■ Problem description ■
What you should give back is a precise copy of the lines below from the one containing "Lord Of The" through the one containing "Cartoon showing Iranian", with no pictures.

■ Data supplied ■

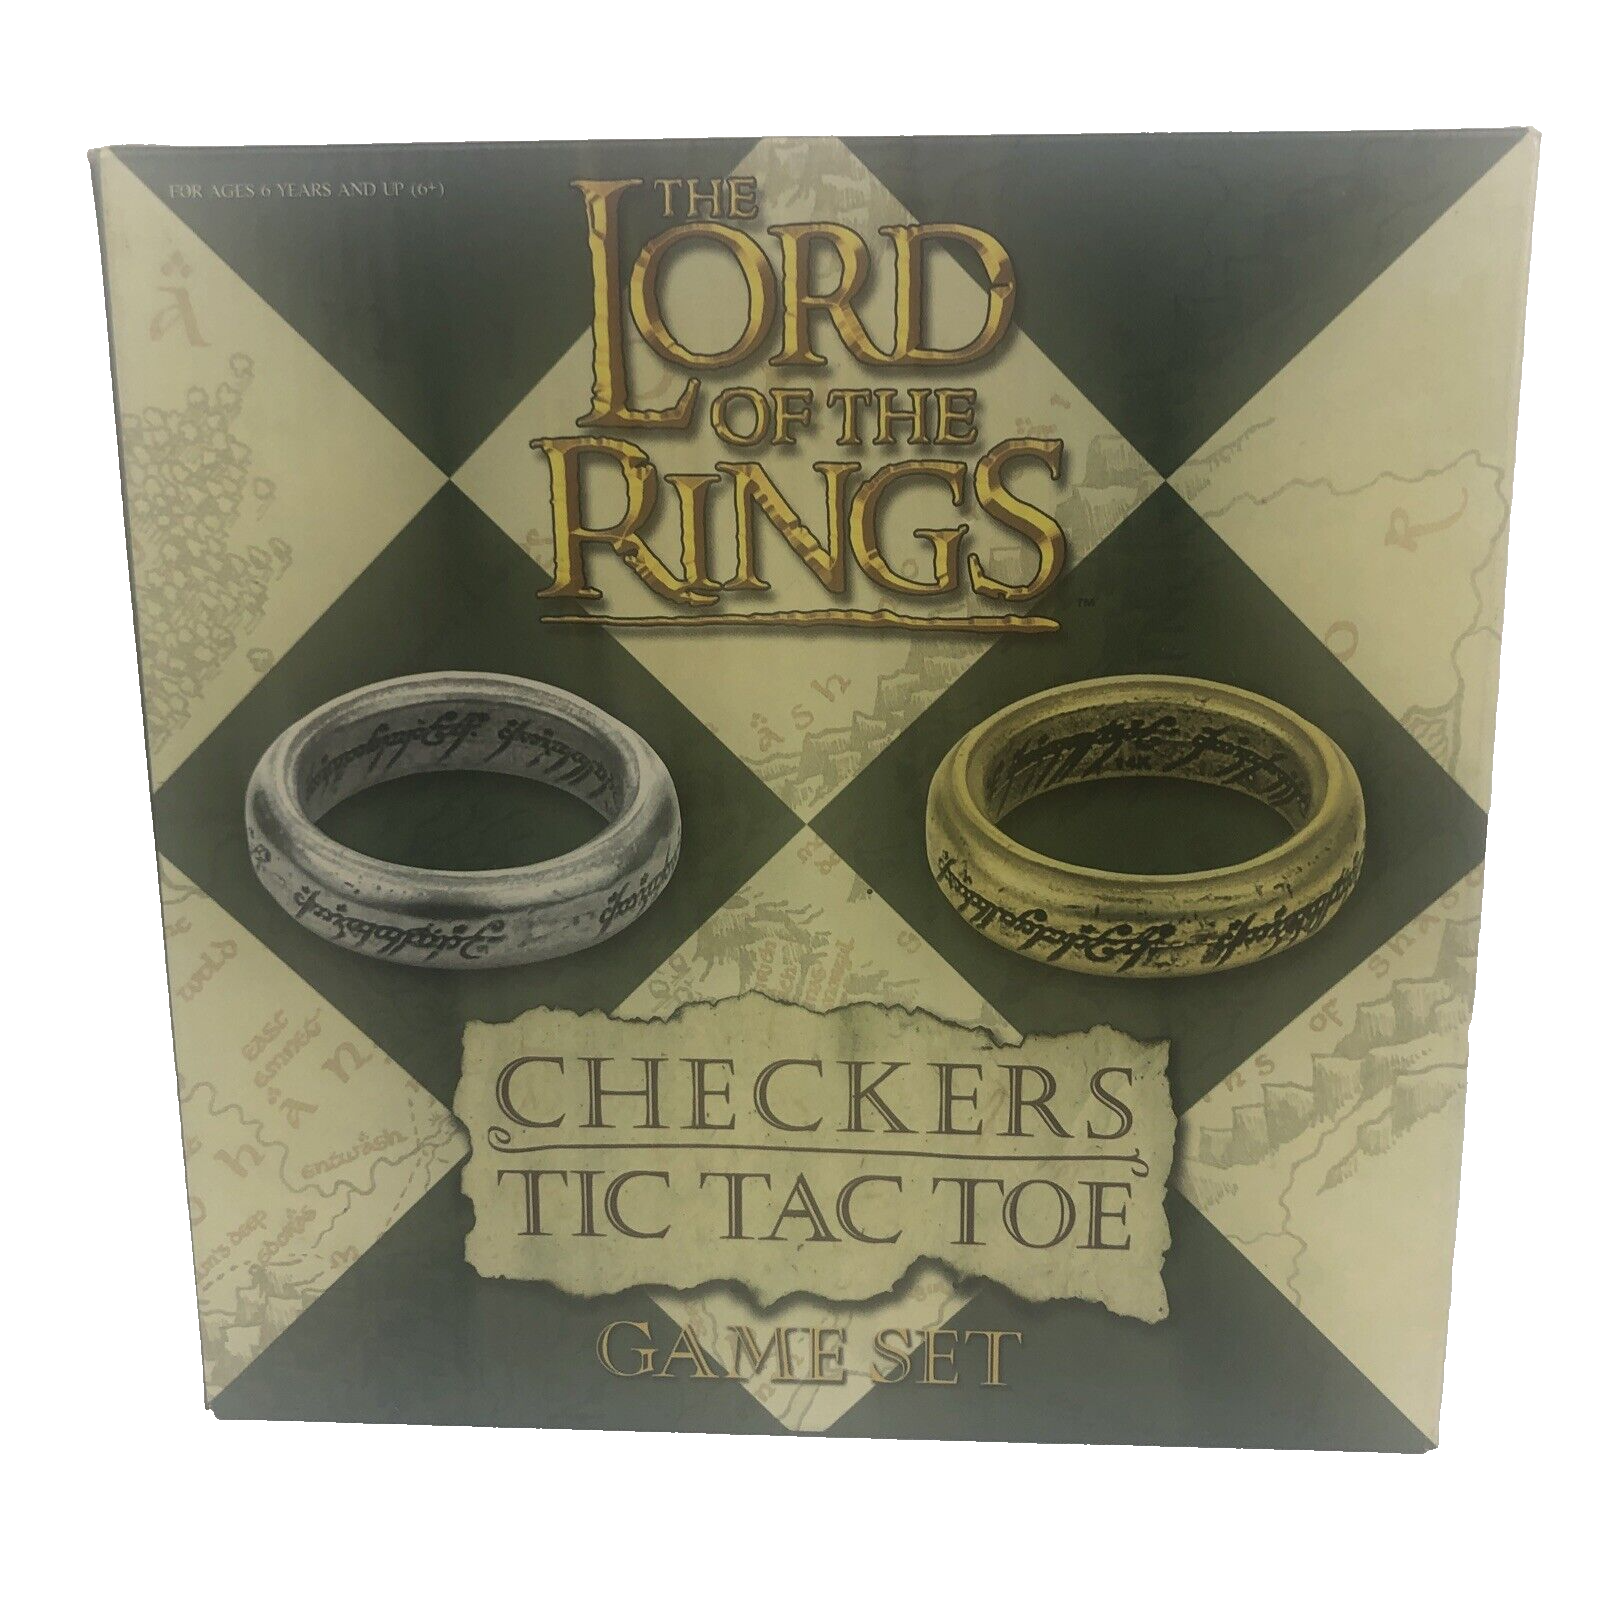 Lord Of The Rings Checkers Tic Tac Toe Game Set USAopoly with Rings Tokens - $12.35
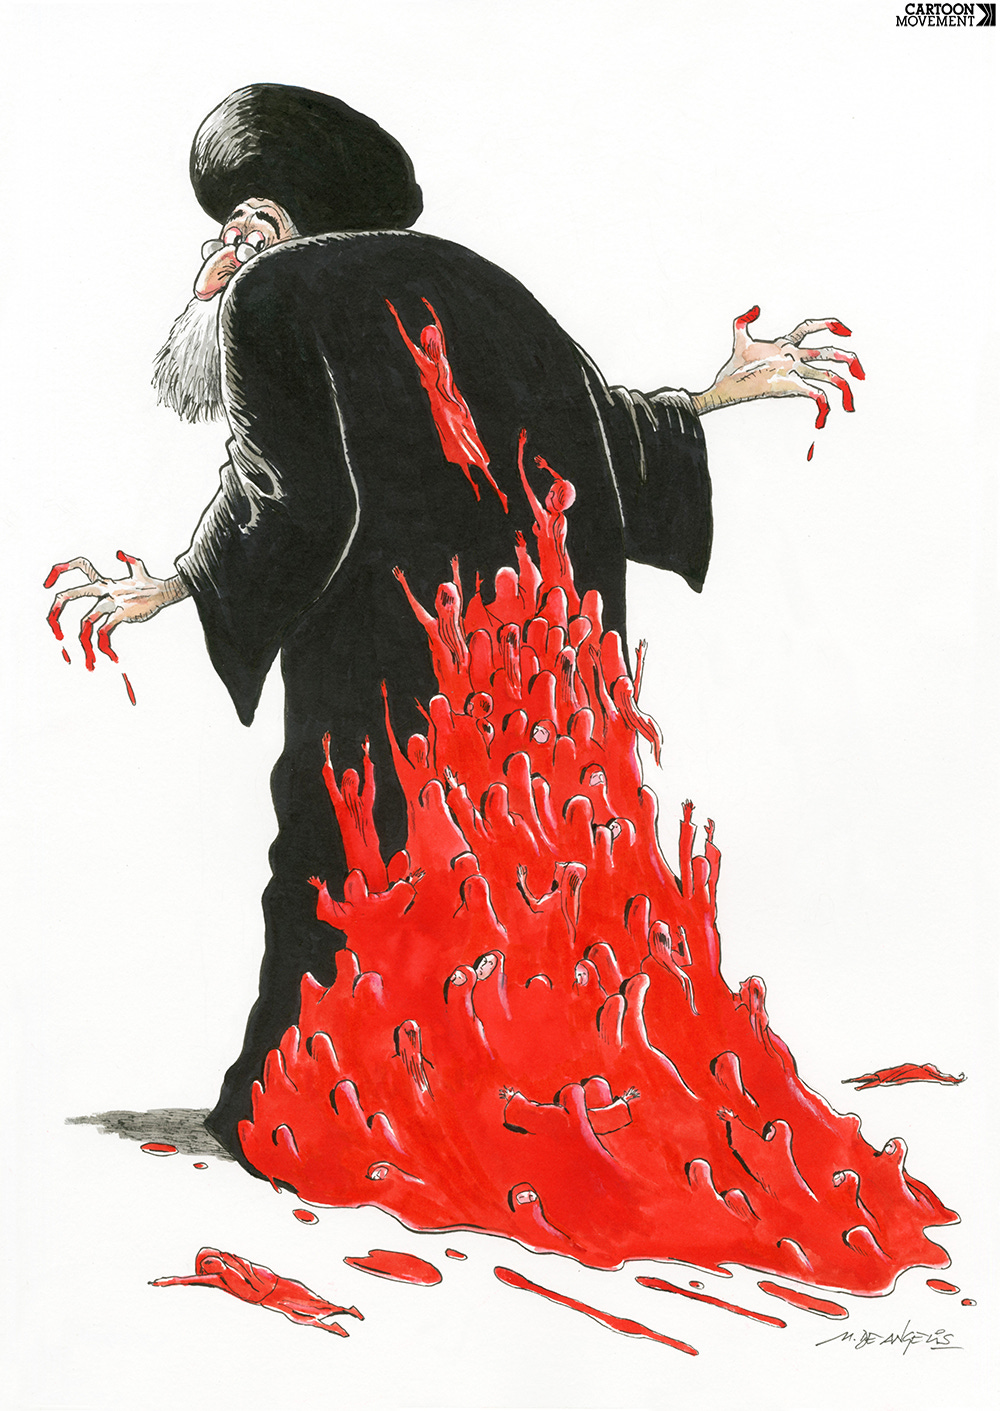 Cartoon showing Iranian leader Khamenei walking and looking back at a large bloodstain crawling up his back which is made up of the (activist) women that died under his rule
...
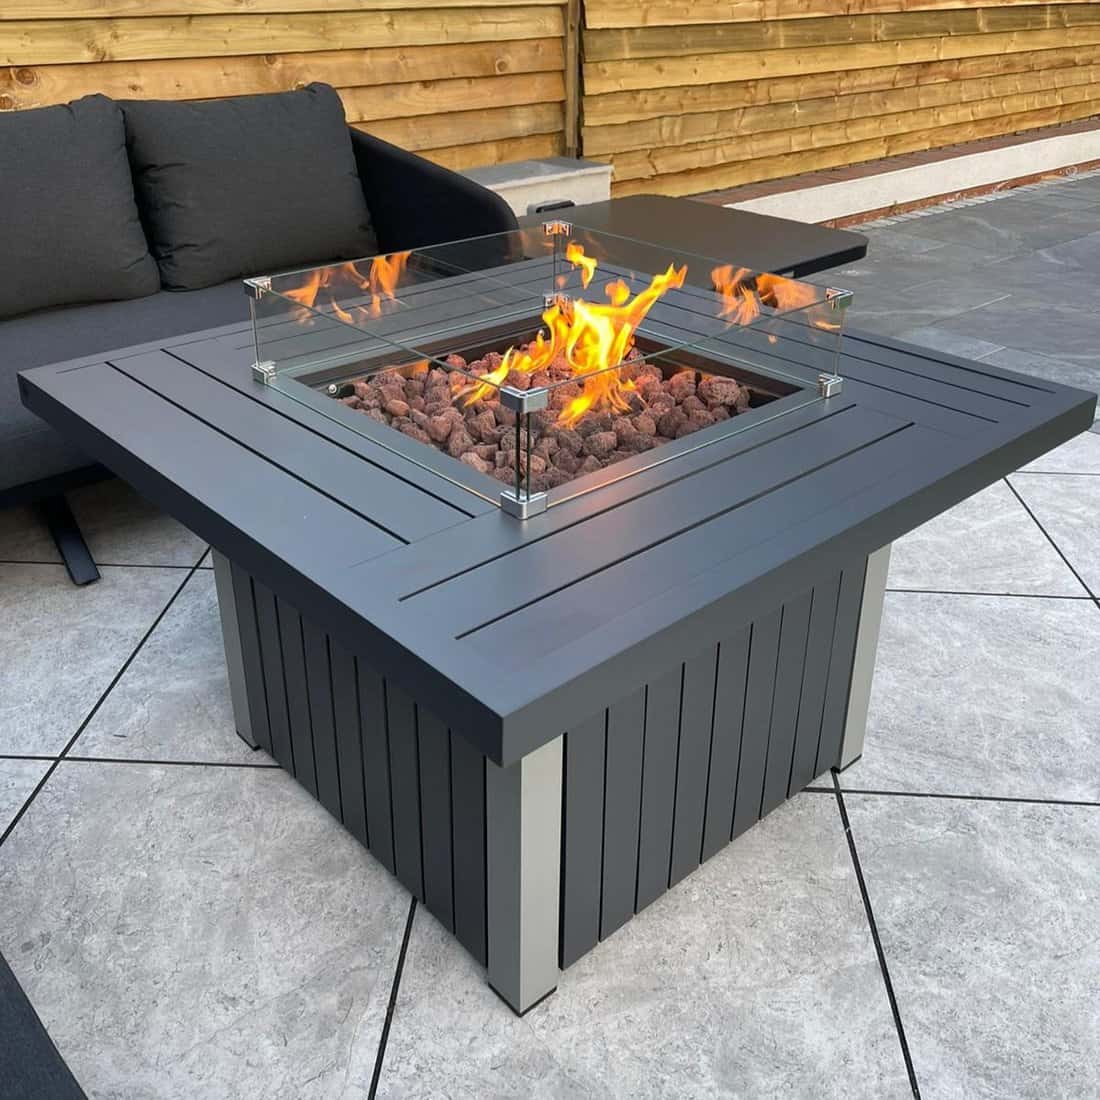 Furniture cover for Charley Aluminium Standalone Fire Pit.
--
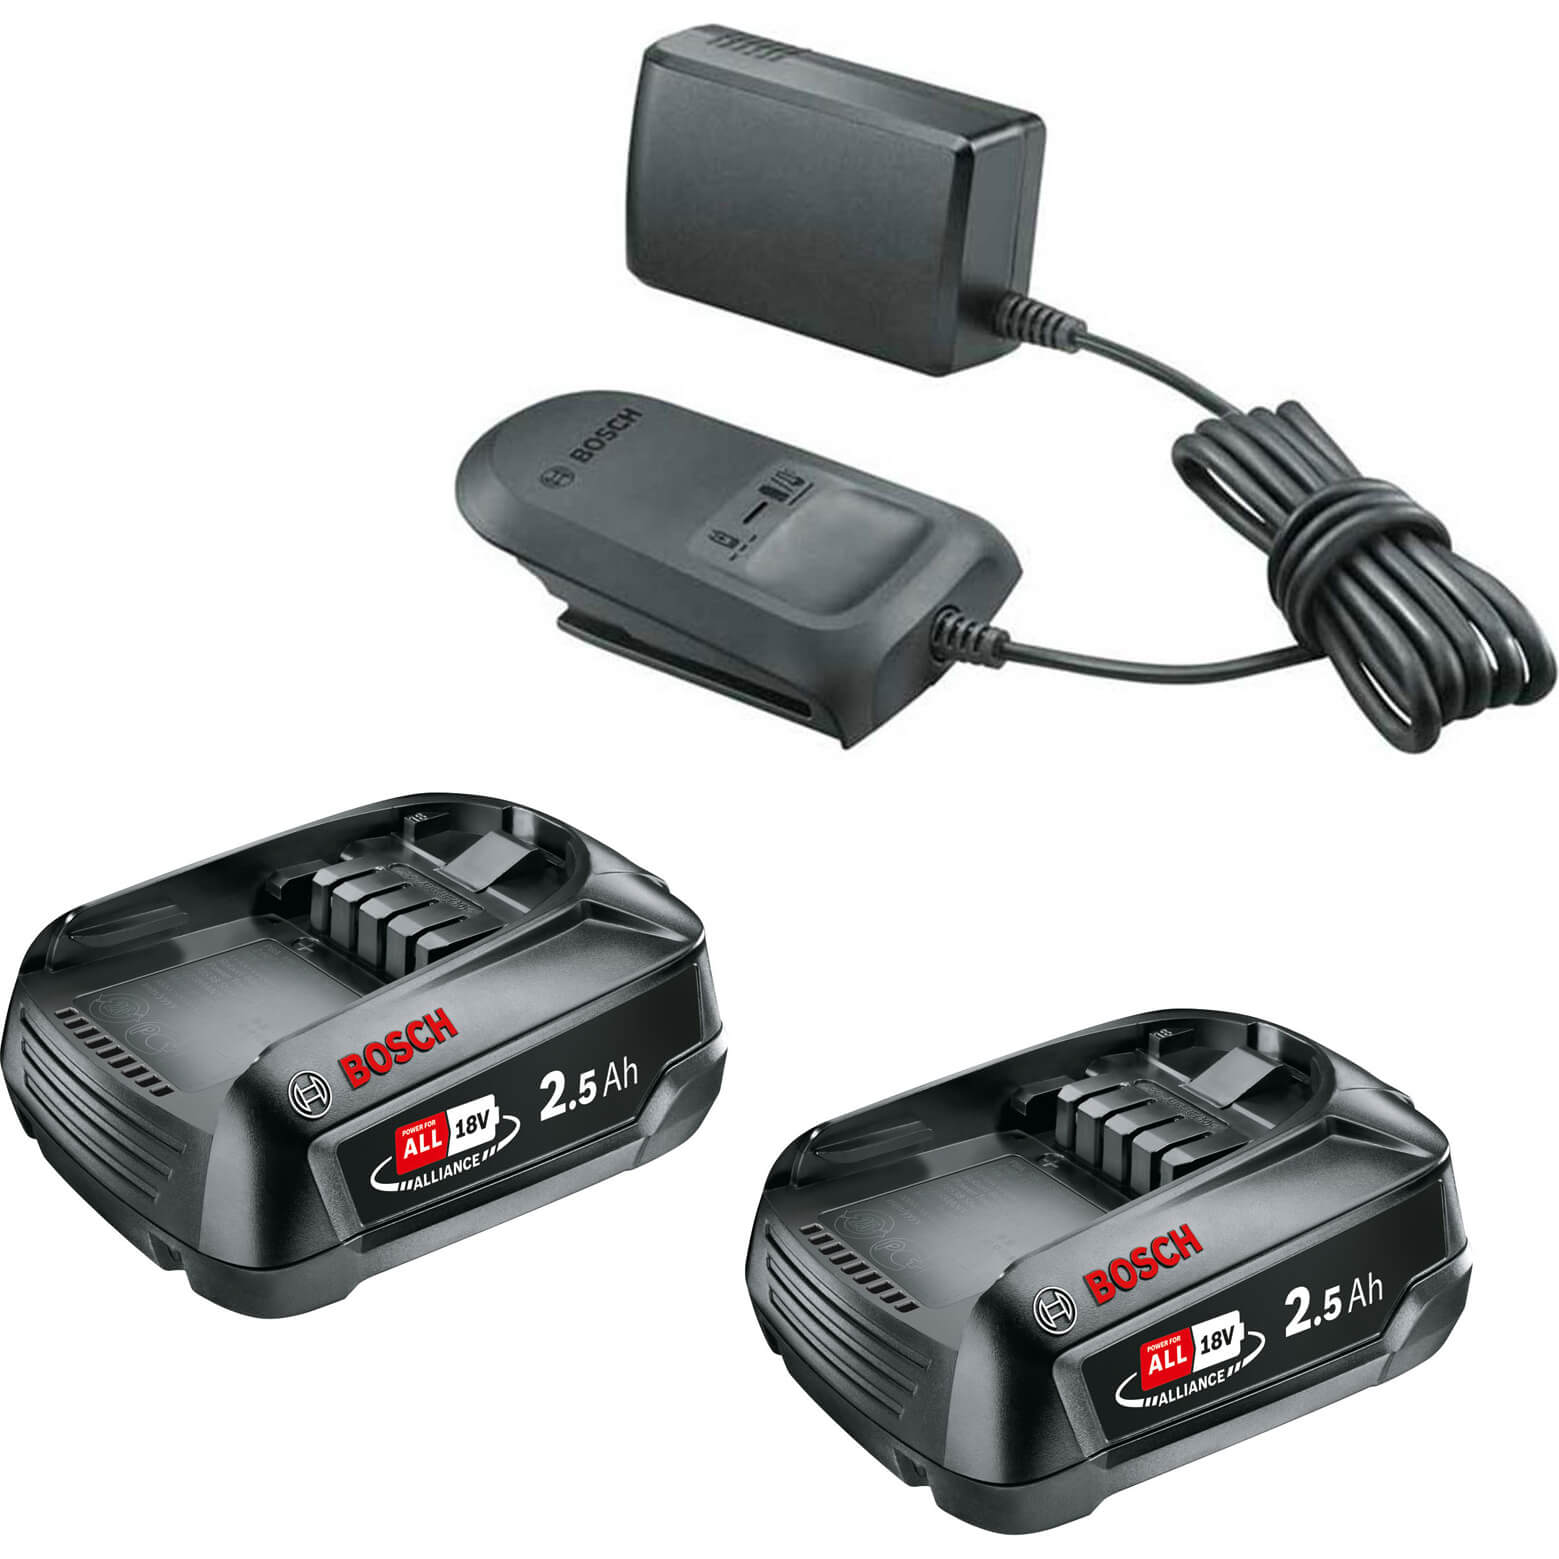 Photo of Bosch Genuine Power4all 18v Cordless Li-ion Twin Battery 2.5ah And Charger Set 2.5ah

■ Exercise solution ■
 Lord Of The Rings Checkers Tic Tac Toe Game Set USAopoly with Rings Tokens - $12.35
 Cartoon showing Iranian leader Khamenei walking and looking back at a large bloodstain crawling up his back which is made up of the (activist) women that died under his rule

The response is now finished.